The audacity of some of us. Letting time actually heal our wounds and then moving on. Hand the smelling salts to Aunt PittyPat.
I tried to leave a comment on the piece but the widow (not really as she is remarried too) screens her comments and doesn’t post ones that contradict the blog’s thing of “anything goes as long as its sufficiently brown-nosing and dripping with pity”.
Do I get it? In terms of being newly widowed and learning the ropes in the first year or so, I do. It’s brutal and people without support networks are more the norm than not in North American society, which makes it harder. We are also a death denying/fearing culture and this complicates matters.
But people who are farther along and still leading with their widow foot? I don’t get them at all. Why make loss and grief your identity? Why the need to solicit pity? Why blame every disappointment on the totally unrelated death of your spouse? Why still read between the lines of everything the people around you do or say and interpret it as a slap? Why feel sorry for the newly widowed and encourage them to take more time in the depths of grief than they normally would have but for your misguided “help”?
And frankly, I feel misunderstood and judged. Not a positive or negative? My ass.
It is the same old tripe message that implies that those of us who move on must not have had good marriages or loved our spouses. And don’t get me started on the whole “soul mate thing”. One widow’s comment on the post actually put forth the self-serving notion that people who move on never experienced real love.

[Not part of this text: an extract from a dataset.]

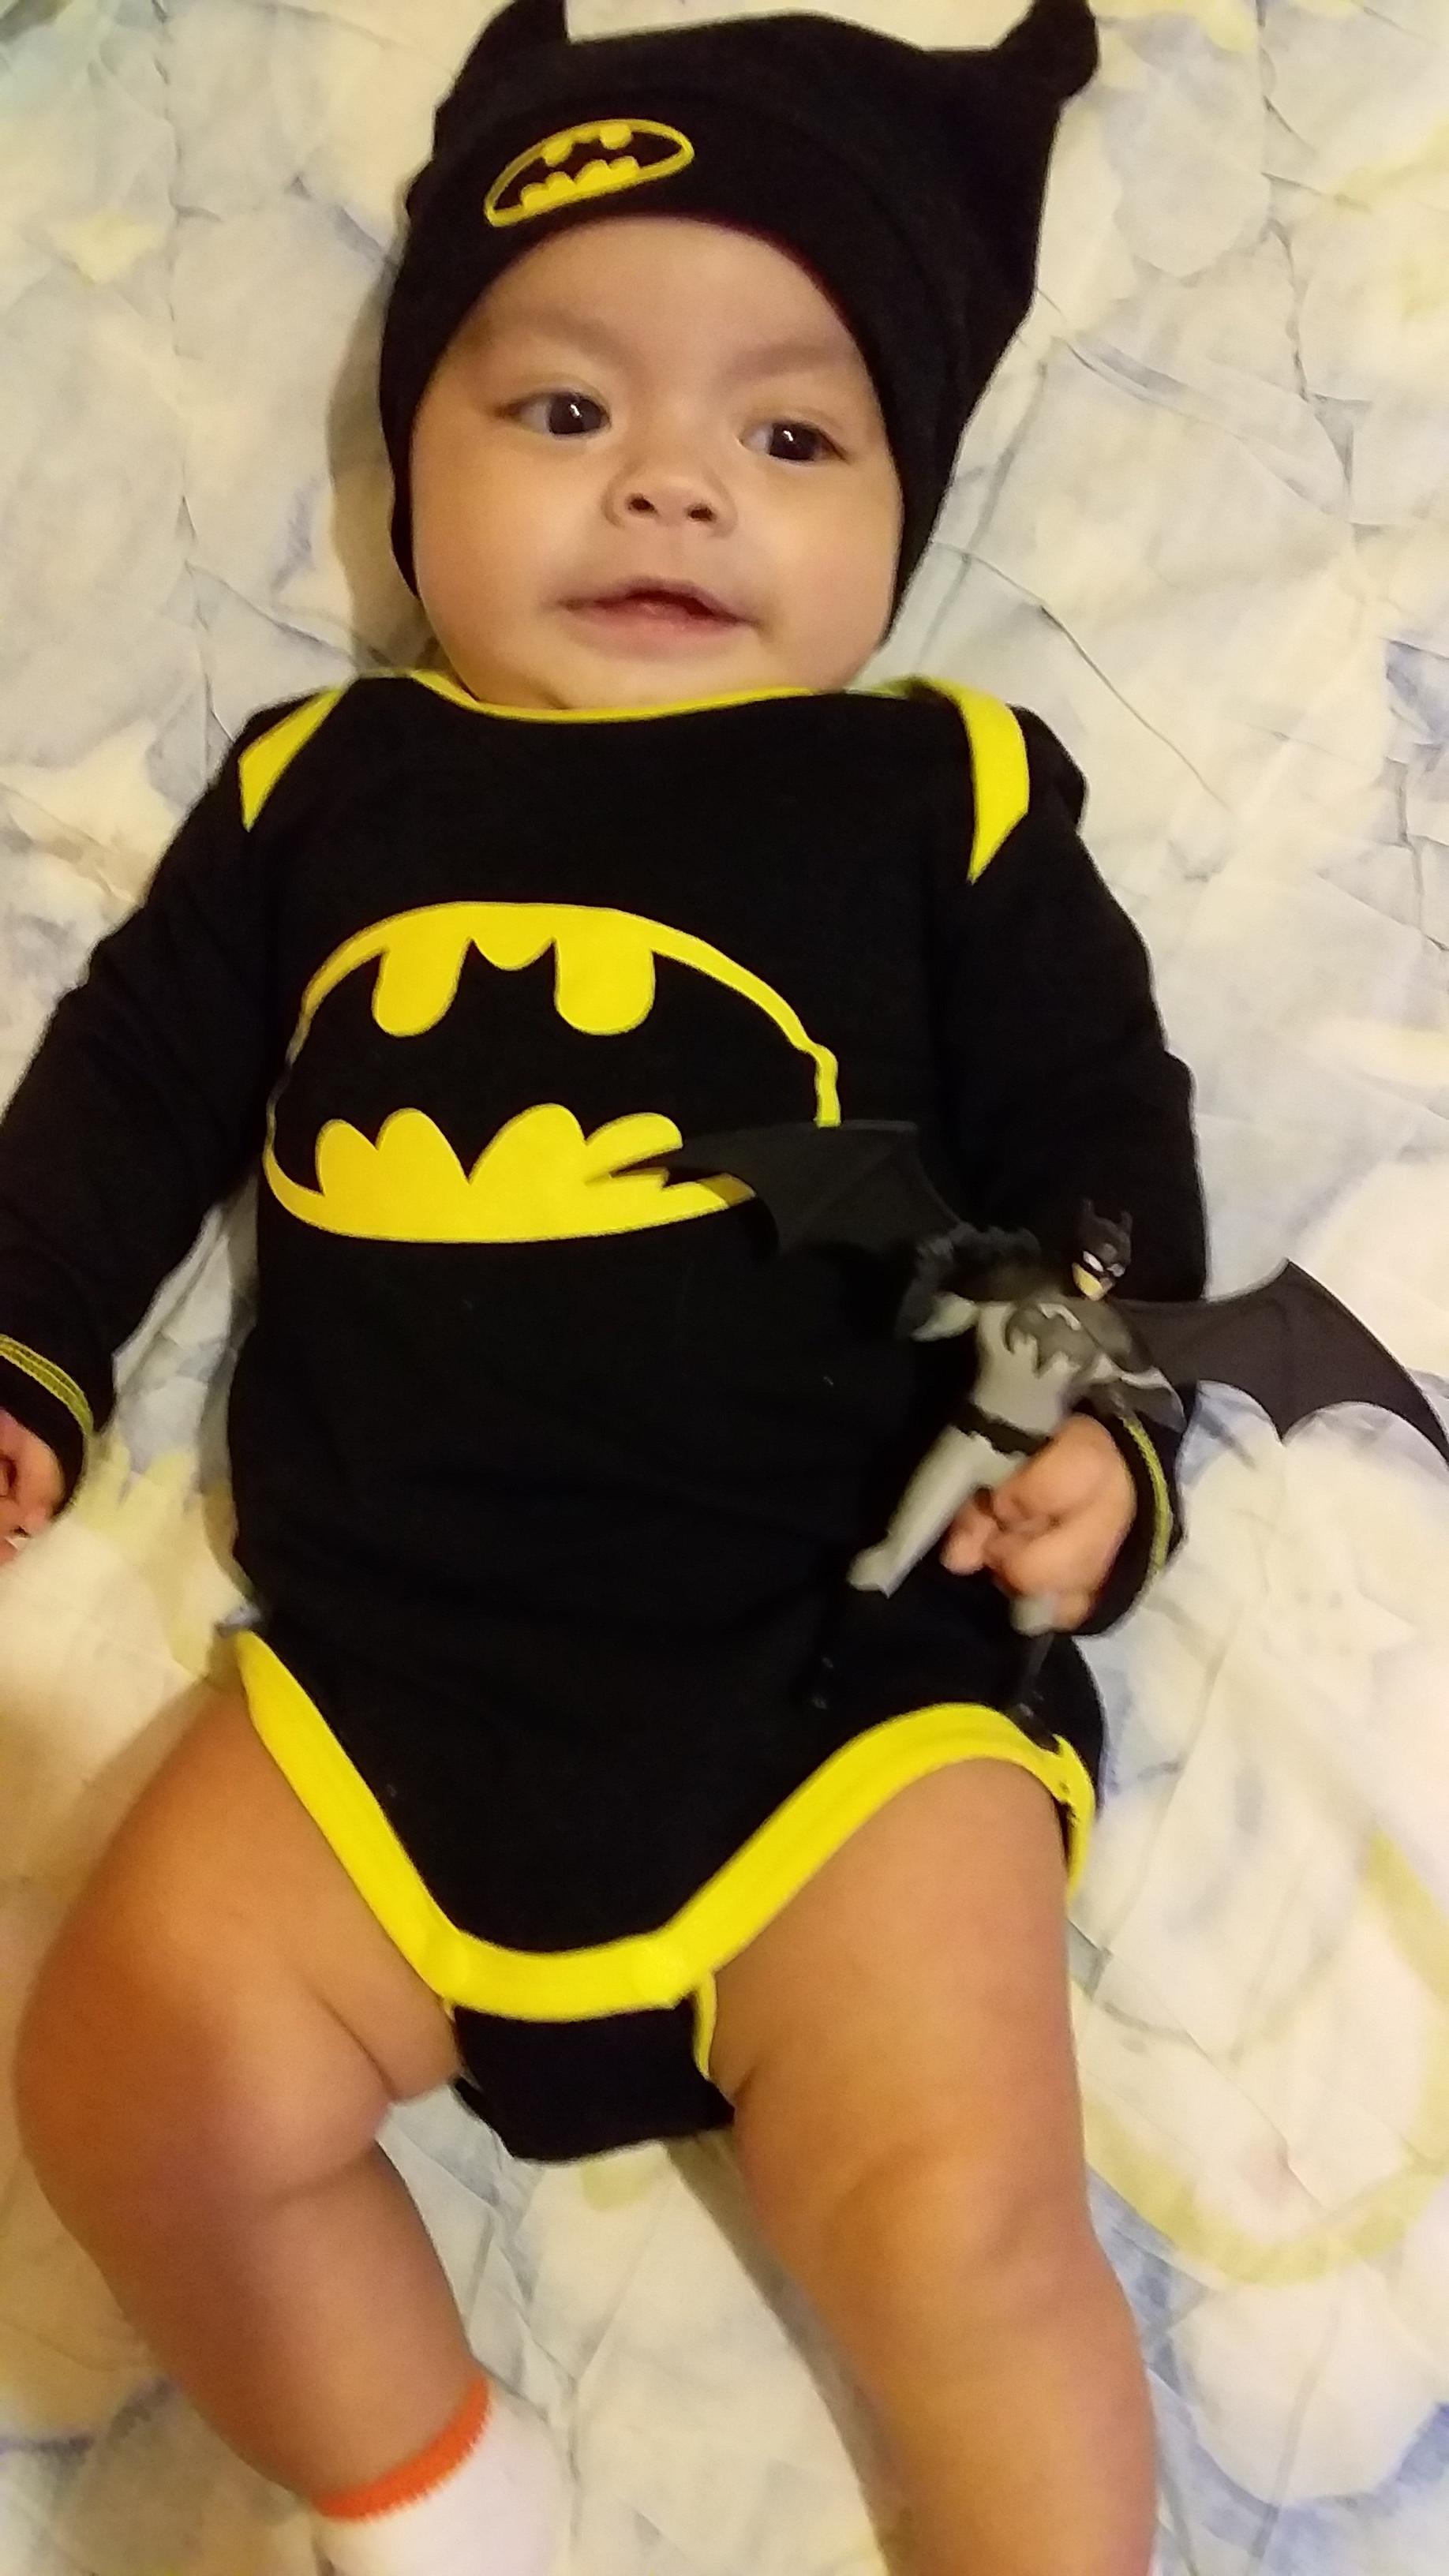 Journey Teller Lamoureux celebrates Batman Day!

That their marriages were inferior and lacked the special magic that allows them to “get it”. They were to be pitied.
Really?
If I am pragmatic, I must be unfeeling. If I don’t agree with coddling or condoning questionable mindsets or behaviors, I don’t get it. If I think you are wrong, my marriage must have sucked.
But I do get it, all too well. I just don’t agree and that’s not the same thing at all.
If you want to make a living off your misfortune, you are hardly an anomaly. If you chose to work through your “issues” by pursuing a grief-related career, I’ve met more than a few people who’ve done just that. But don’t disingenuously smear those of us who’ve put our loved ones deaths into the perspective of our own lives and choose to rebuild off the cemetery. And don’t make assumptions about boots you haven’t walked in.
The only eyes we can actually see out of are our own. Myopic as they may be.
*Though she doesn’t mention what he thinks about being lumped with those of us who clearly didn’t love our late spouses and/or had marriages of questionable soul-mate status.